EH: They suffered from gullibility and greed, and they happened to be in a place where suffering from gullibility and greed allowed them to make a fortune. And so I'm happy to judge them for the good of justice that we are trying to pursue. We would spend a lot of time trying to disentangle the responsibilities, taking into account circumstances, motivations and acts, as one always does with that kind of question. But there's another good we are trying to balance that with, and that is the continuing operation of the economy. One can make a set of practical judgments about what kind of "bailout" we need, or adjustment, recapitalisation or reorganisation, but something probably has to be done because the way the financial dynamics are working is rather destructive. But the actions that promote these two goods are quite likely to contradict each other because, when you're actively trying to recalibrate the financial system, a lot of financiers who helped create the disequilibrium will end up either completely rewarded or at least not punished. But so it is in the world, it's very unlikely that you can get everything right, and I would argue that the more important issue, the more important good to pursue, is the equilibrium of the financial system.
DJ: Is there a danger of moral hazard?
SB: I would just put it in a slightly different way. One of these dispossessed sub-prime borrowers, in Staten Island, which is probably the only lower-middle class part of New York, was interviewed on television, and he said that he would rather stand in the breadline if a banker was standing next to him, than have his own position rescued and the banker not get into trouble. Now that summed up everything I dislike, not about morality, but about moralism. If I had my way - I think this may be true of Ben Bernanke, the chairman of the Fed - I would drop dollar notes from the sky if there was a danger of the market seizing up. It would serve several purposes - it would also help with obesity and physical fitness.
EH: Keynes said you should bury them in the ground. That would be even better for physical fitness.
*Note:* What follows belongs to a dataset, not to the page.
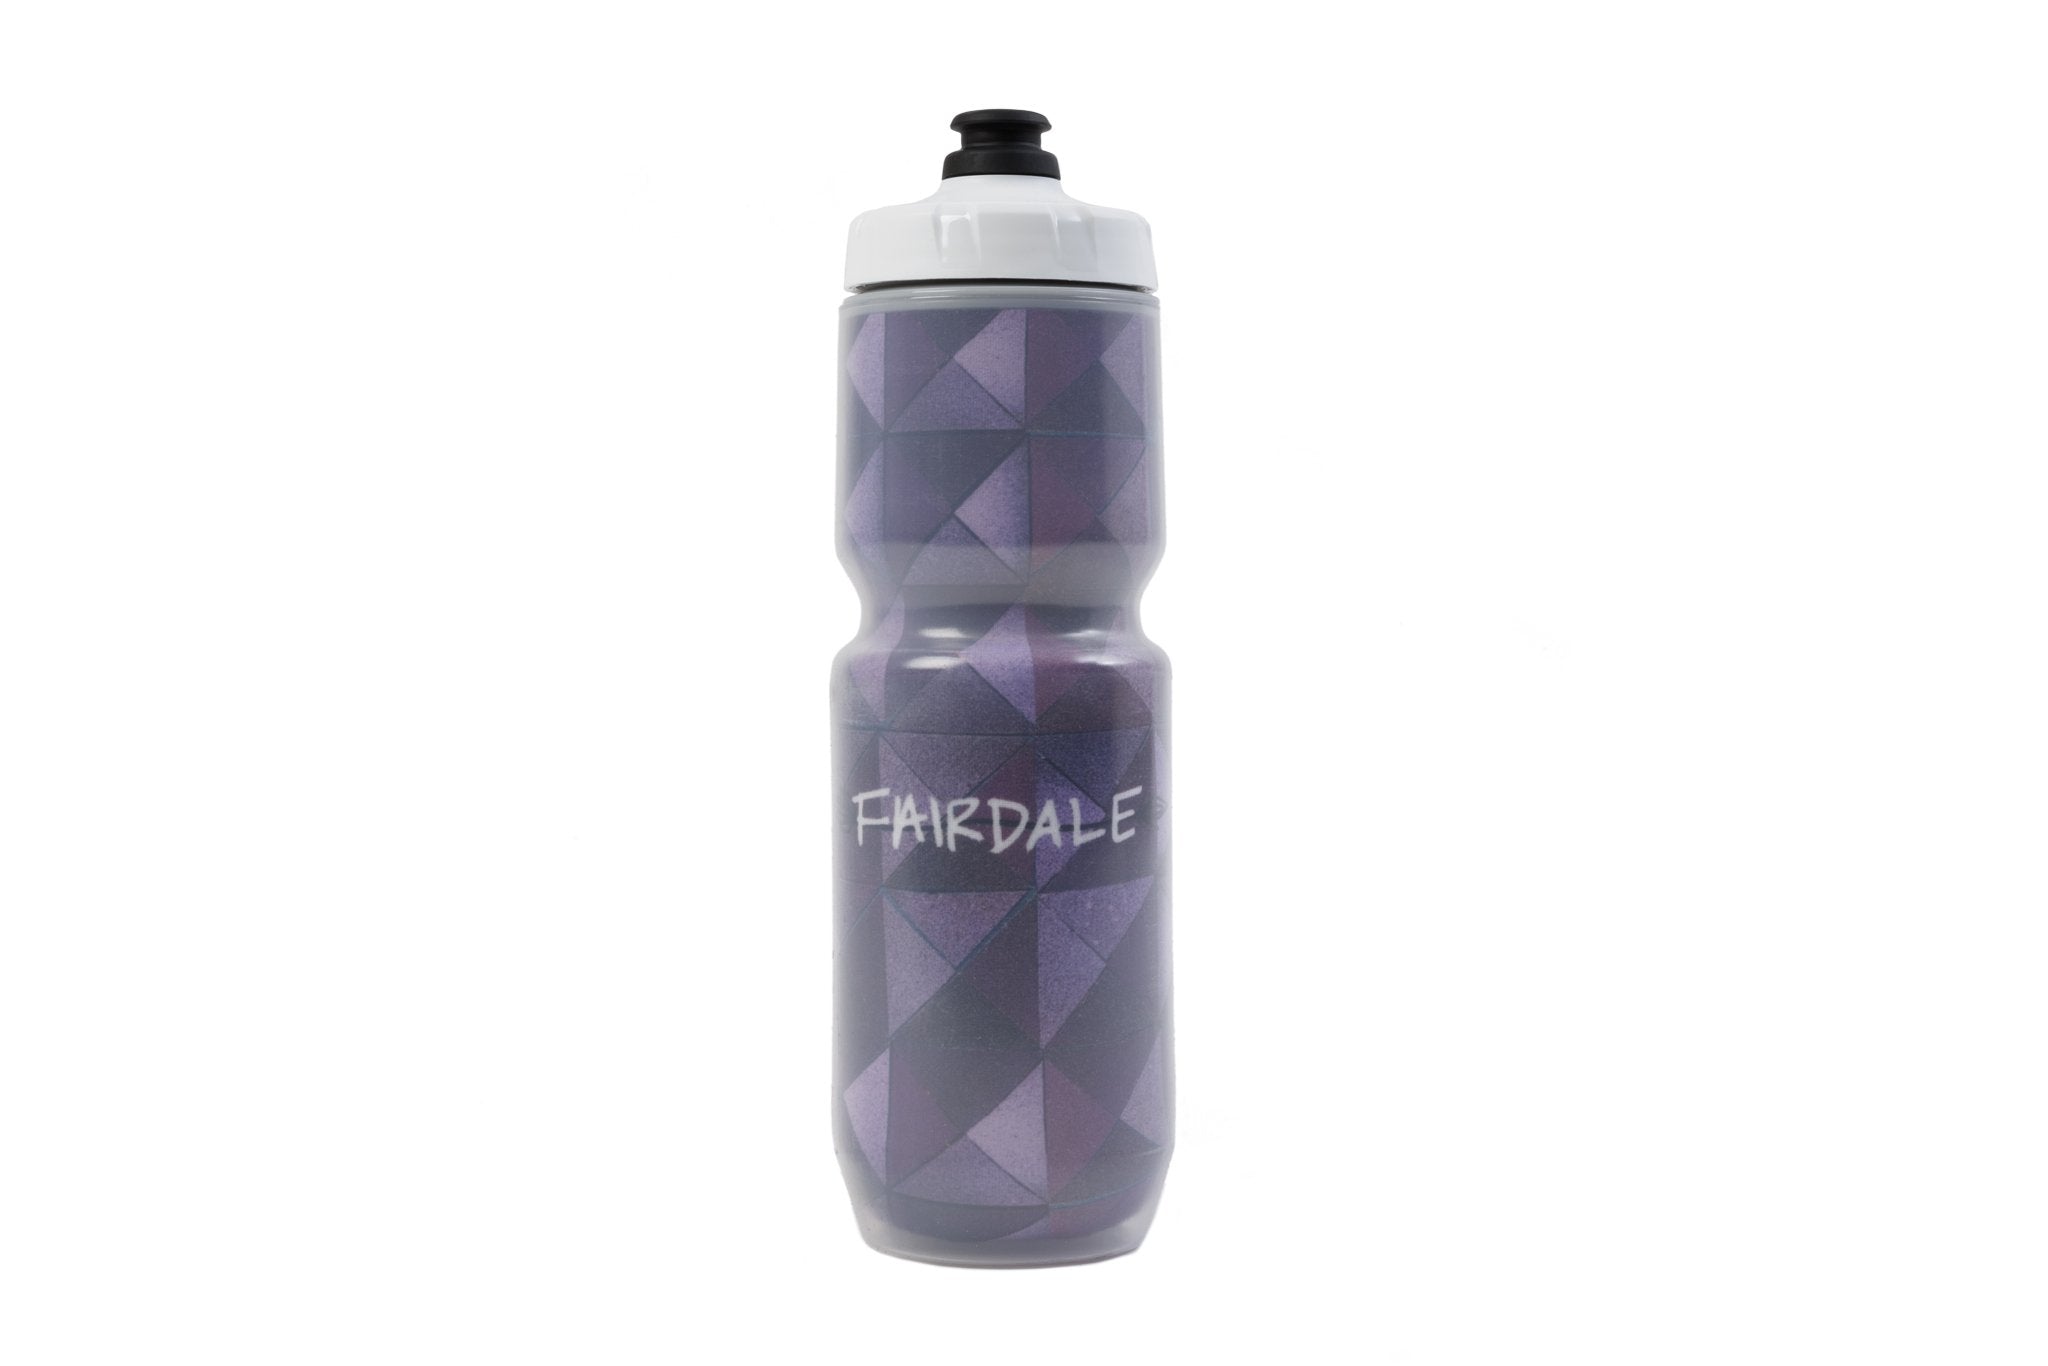 Daydreamer Pastel Purple Slim Water Bottle
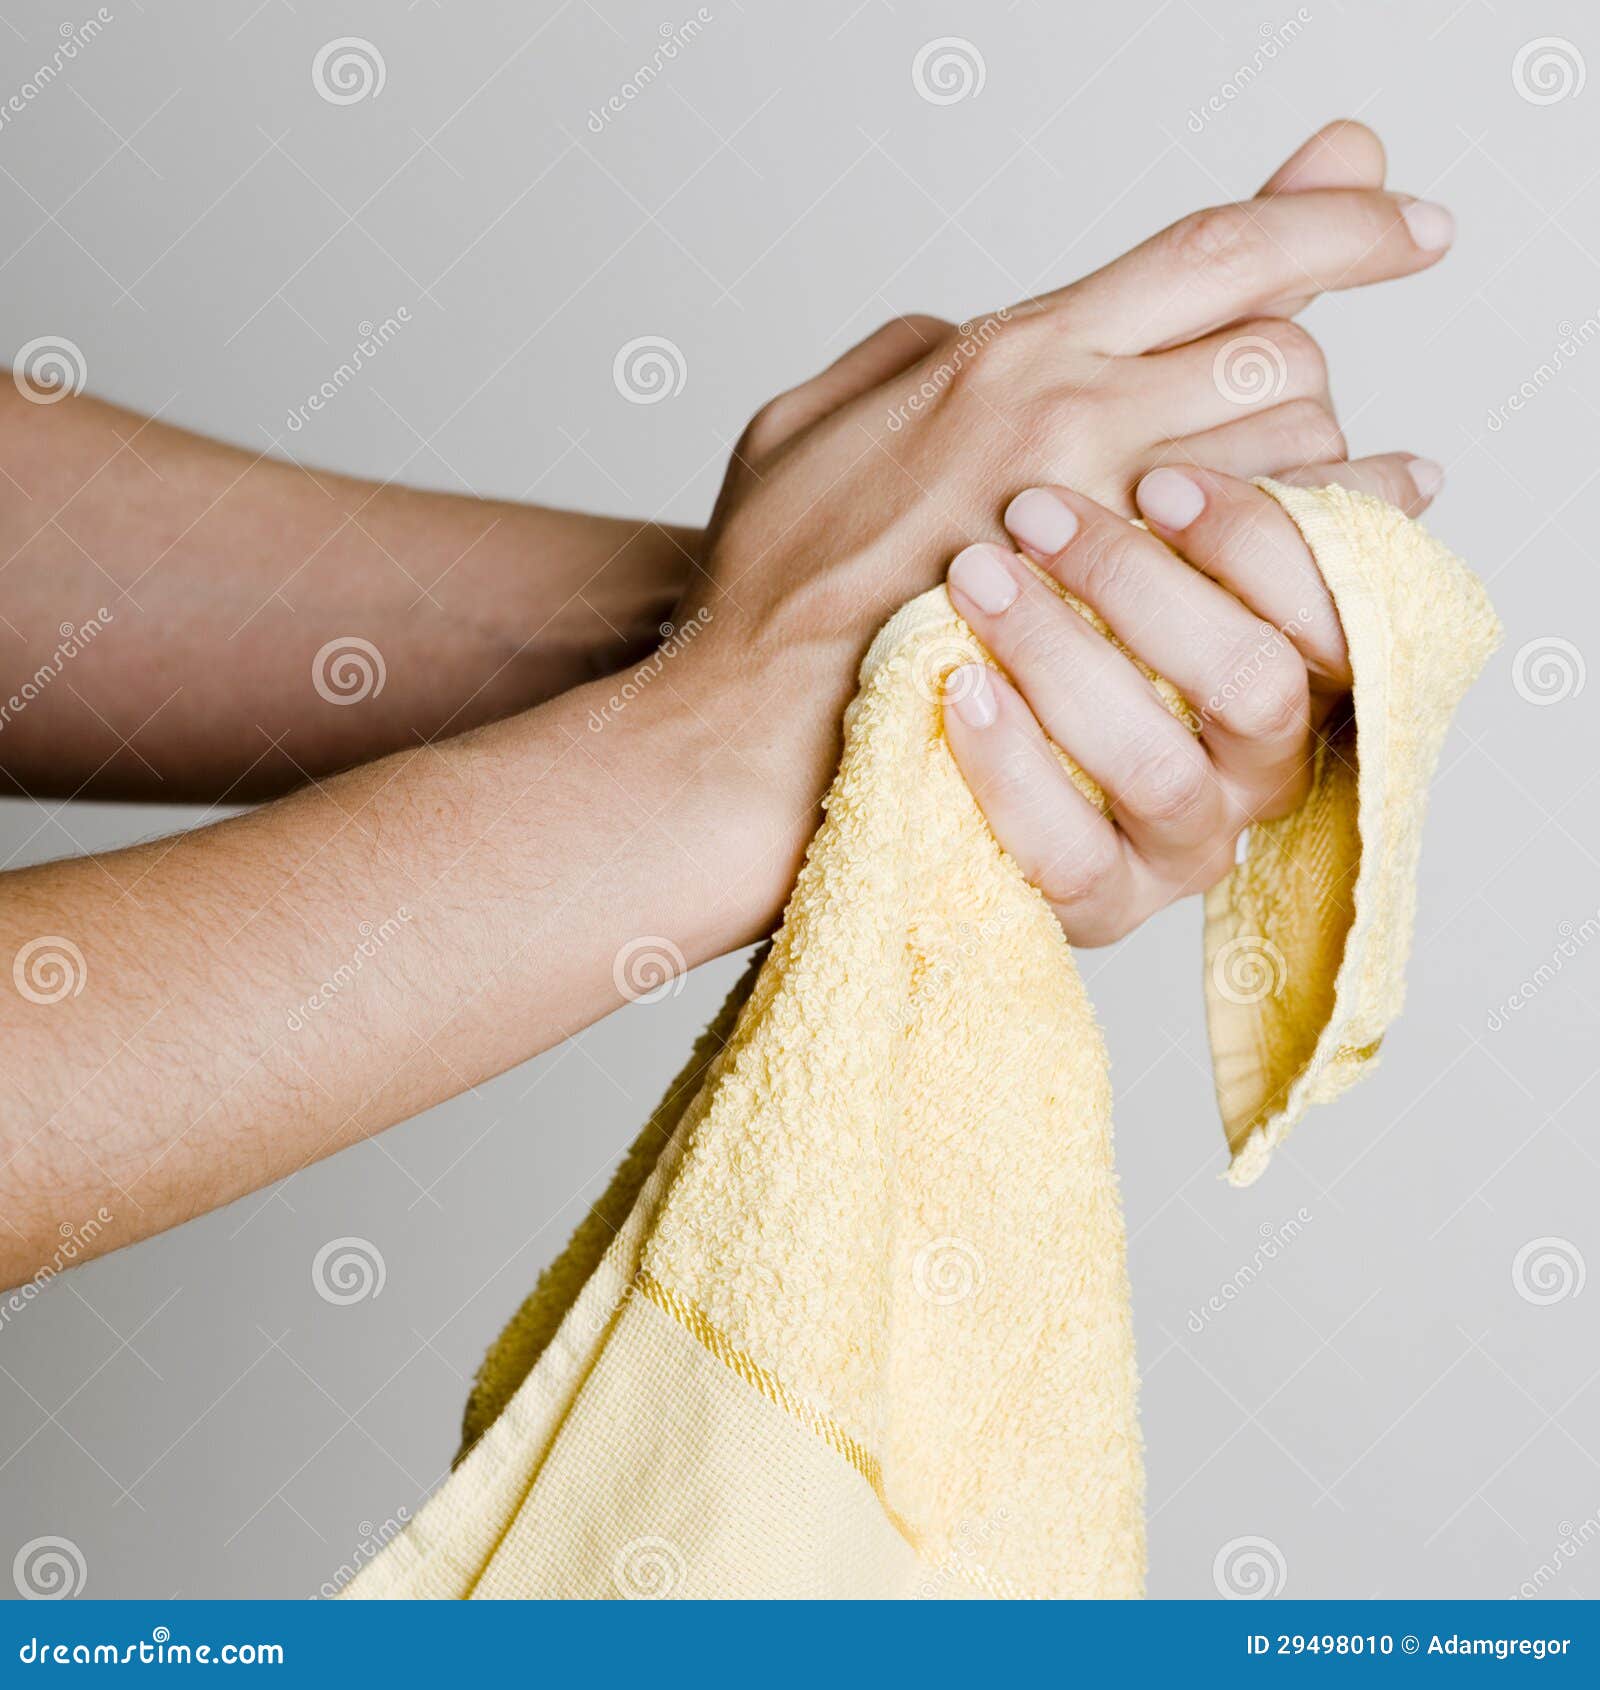 Вытирание полотенцем. Полотенце для рук. Вытирает руки. Вытирать руки полотенцем. Полотенце для рук и лица.

SB: Either way, it would be better than bailing out these bankers. On the other hand, people are not sophisticated enough to see a simple solution like that, and the only way they can think of getting the monetary mechanism working is bailing out the bankers. I sympathised for the first time in my life with someone like Hank Paulson, when he got down on one knee before a hard-bitten left-wing Democrat, and asked her - interestingly, a her - to help get his proposals through Congress. Because surely it is much more important to keep the monetary side of the system going - the monetary side has always been a mystery, the person who got nearest to understanding it was Keynes, but nobody ever completely has - than it is to punish the bankers. What I would do, is do everything they say, get down on both knees before the most populist member of Congress, to get the bloody thing moving again. Afterwards, we can have an investigation and see if we can prevent the worst culprits from getting off scot-free. I doubt if we can, because I think that some of the cleverest of the evil-doers have already taken their profits and are already enjoying their villas, and that's what they can do. But it is more important to promote prosperity and welfare than it is punish a few evil-doers.